Never Again slavery?
The Emancipation Day Mural Monument, as it says, is to act as a reminder that all human beings have “an inherent right to life and liberty”. One hundred and eighty six years after our enslaved people were freed, we need to broaden our concept of freedom.
Today for us in SVG and members of CARICOM, it is not a question of removing physical chains, but of realising that freedom we had fought for and continued to fight even after we achieved adult suffrage and independence from the colonial power. Slavery in the sense in which we knew it had ended, but colonialism continued. Religion and Education were to be used as instruments of continuing control. The messages the Christian religions brought to us were reinterpreted differently by us. To give more space and meaning to those religions, they banned the Shakers/Spiritual Baptists worshipping from 1912 to 1965. The purpose of education was to a large extent to provide obedient servants that would serve the interests of the British colonialists. It worked for a period for there were those who saw themselves as Black English men and women, separate and superior to those who were not schooled the English way. Education really does not work that way, for their education was used to overturn their goals. Education is a process and complex. Some were captured but others used that same education to question those who called themselves our masters.
Austin Clarke in his novel GROWING UP STUPID UNDER THE UNION JACK makes fun of the English education and the impact it was to have on us, the English colonials. The main character in the book said to his mother “I would prefer a cuppa toy, Ma,” “Boy, you gone mad?” “I preferred a cuppa toy, for I was a Combermere boy, trained to be a snob, trained to be discriminating. A cuppa toy was better than a cup of rich chocolate. England drank toy, and Little England should, too . . .”
“…In the classes at Combermere, we were taught that the best things were made by the English… the books we read; the pencils we wrote with; the Quink ink; the book bags; the combs made from tortoise shell, which were too fine-toothed for our thick brand of hair;…”

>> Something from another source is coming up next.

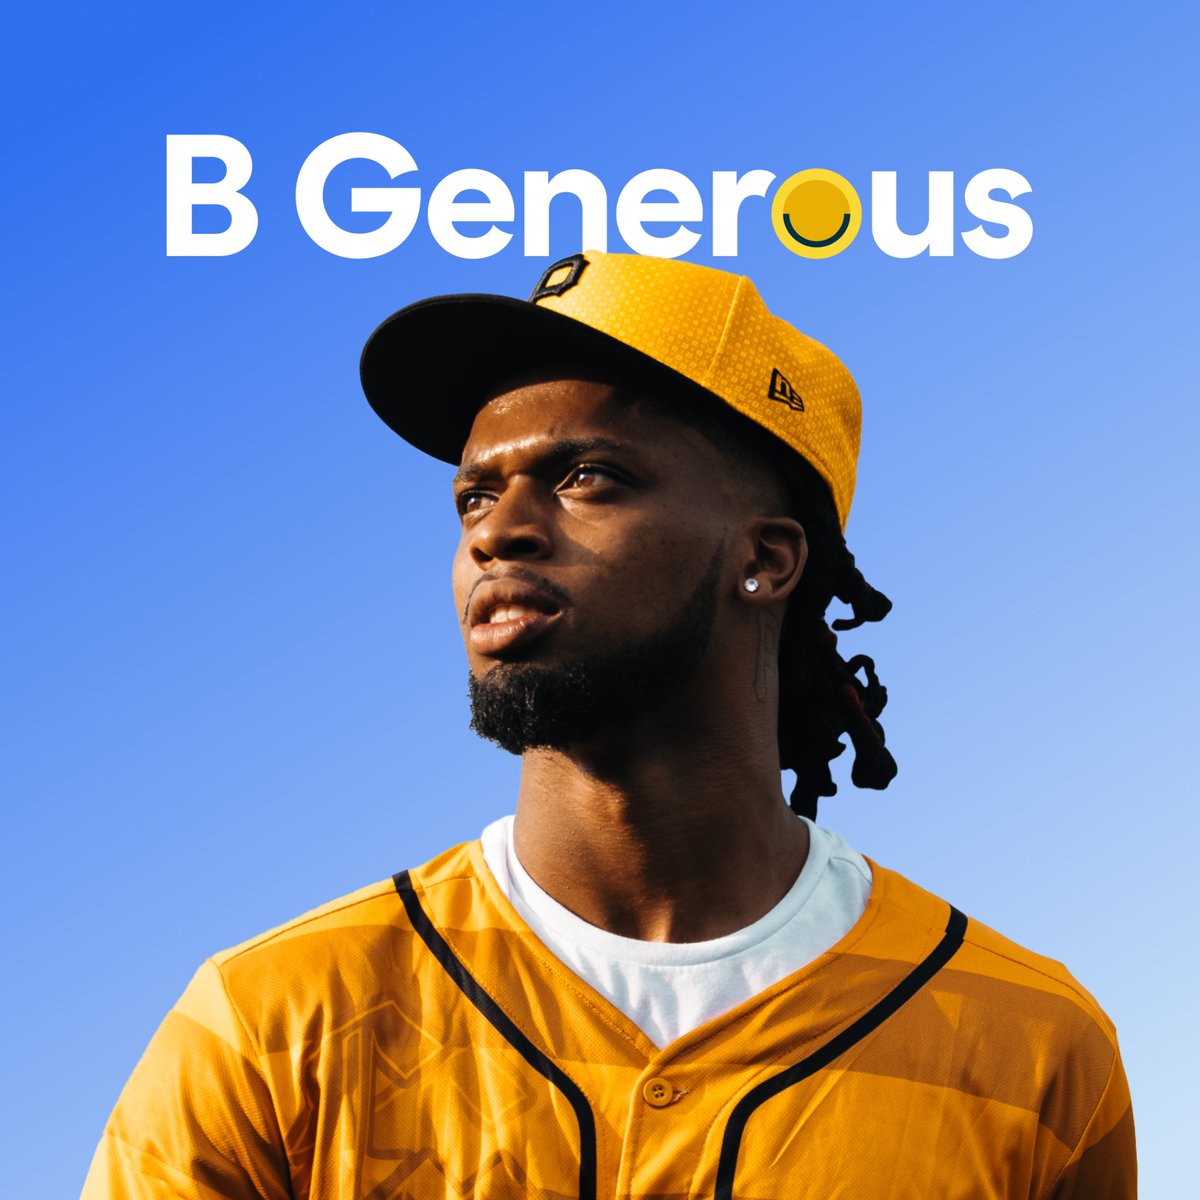 Welcome to the B Generous team @HamlinIsland, excited to collab with you to help Nonprofit get the funding, they need! Let’s do this 👊 #damar #damarhamlin

For me Ngugii Wa Thiongo puts it best. He refers to what he calls the “cultural bomb’. “But the biggest weapon wielded and actually daily unleashed by imperialism against the collective defiance is the cultural bomb. The effect of a cultural bomb is to annihilate a people’s belief in their names, in their languages, in their environment, in their heritage of struggle, in their unity, in their capacities and ultimately, in themselves. It makes them see their past as one wasteland of non-achievement, and it makes them want to distance themselves from that wasteland. It makes them want to identify with that which is decadent and reactionary…It even plants serious doubts about the moral rightness of struggle.”
But other things were happening, the former enslaved continued their struggles against their former plantation ‘masters’. They were told to expect freedom in 1834. They got something called Apprenticeship. Their struggle had to continue, strikes, fires on the estates, lampooning them in songs, where possible moving away from the estates. But of importance was that they began to build Villages from lands bought or rented from the estates. A few acquired lands in sizes that allowed them to qualify to become members of the Legislative Council. There was still a great demand for land, and with a declining sugar industry and opportunities available for small farmers/ peasants in producing cotton and arrowroot, the government fearing a revolution, made St. Vincent the first colony to introduce a Peasant Land Settlement Scheme as recommended by the 1897 West Indian Royal Commission. Fear, too, of having large numbers in the colonies achieving the qualification to be members of the Legislative Council led to the revocation of electoral representation and the introduction of Crown Colony government where the Governor, acting on behalf of the Colonial Office, selected those who were to sit on the Executive Council.
Crown Colony government after a while became a target, as the difficulties facing the people were blamed on that system and they began a struggle against it. By this time a middle class of coloured and black people was emerging and took over the struggle, calling for a reintroduction of elected representation. By the second decade of the twentieth century Crown Colony was no more. Elected representation was reintroduced but only a few could meet the qualification. The economic situation continued declining and deep dissatisfaction prevailed. St. Vincent was among the first three colonies to have started revolts in the 1930s. Ours of October 1935 resulted in the emergence of George McIntosh who, with his Workingmen’s Association, began to control the Legislative Council until 1951 when Joshua emerged as the leading figure. St. Vincent became an Associated Member in 1969 and gained Independence in 1979.
Independence, really Flag Independence!
Our people were supposed to be in control. We maintained the British monarch as our Head of State and the highest court in the Land remained with the Privy Council. The big question which has to occupy our attention as we reflect on Emancipation and later Independence is: What has changed? Who has control? To what extent are we as a people involved in the governing of our country? Are we only important every five years when elections are called? Is our Journey from 1838 continuing? To Where and for What?